# Grass seed type question



## 01redcrew (Jun 16, 2017)

Hello all I was at my local rural king and noticed this new tttt seed they had anyone have any experience with it. Just curious it's not a bad price and I can pick it up locally


----------



## gene_stl (Oct 29, 2017)

Disclaimer: I am not claiming to be an expert on this subject, but have been currently looking into tttf seeds and varieties for my own current project.

One: Price is very reasonable.
Two: The variety Hounddog8 turned in very good performances in the 2016 NTEP program (if I am reading the tables correctly.
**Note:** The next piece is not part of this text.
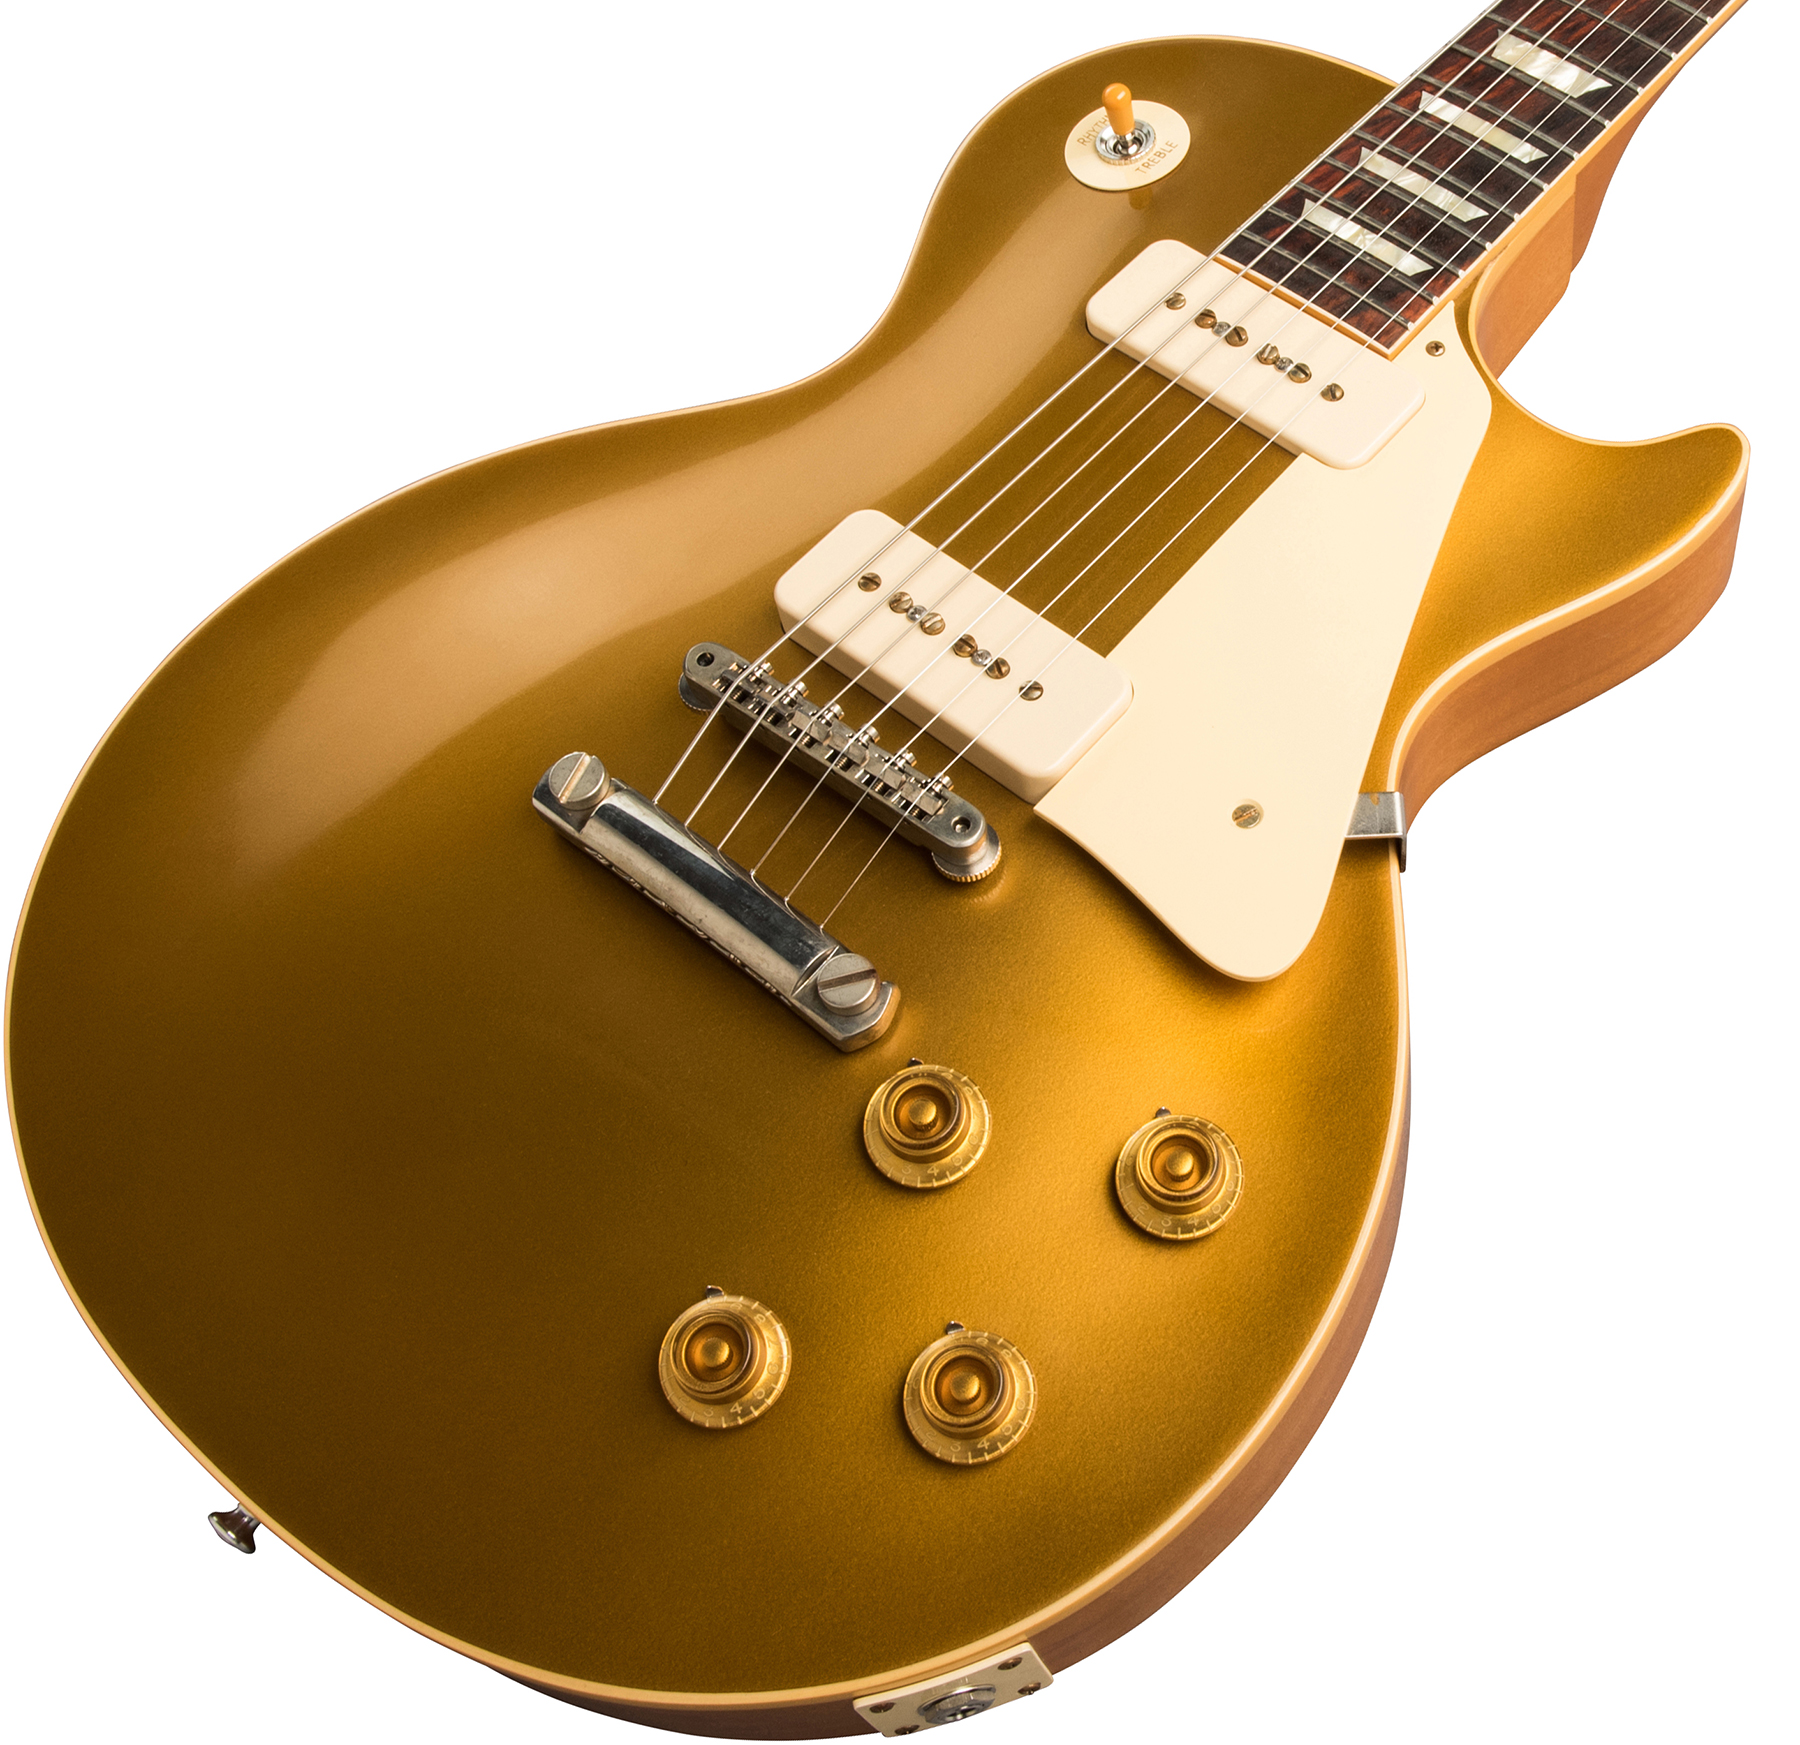 Gibson Custom Shop Les Paul Goldtop 1956 Reissue 2019 2p90 Ht Rw - Vos Double Gold - Guitarra eléctrica de corte único. - Variation 3

Very confusing, but in each category, it is not far down from whatever the top for that site is and almost always above 6 [acceptable] except in trials where even the best isn't very good)
Three: I am going to look into whether there is a Rural King near me here in St. Louis and see if I can get a bag of that seed.

Let us know how it works for you, if you try it. Note it is a monoculture , single variety, with the pros and cons of that.

Edit: They are near here and their website shows a four way tttf blend and a five way tttf with one fine fescue variety.
Aggressively priced south korean made tractors too.


----------



## LawnNerd (Sep 2, 2017)

I was looking to add Houndog 8 to my mix when i overseed this fall. Did good on the local Ntep for NC (Raleigh) which is a hot and humid location. I think you got yourself a good deal / find there man.


----------



## gene_stl (Oct 29, 2017)

My nearby Rural King just got them in(40 bags) and the garden guy was happy to hear that it did well in the NTEP trials.


----------



## FuzzeWuzze (Aug 25, 2017)

I know its in a nice TTF blend youc an get here locally from https://protimelawnseed.com/ And they only sell top rated seeds.


----------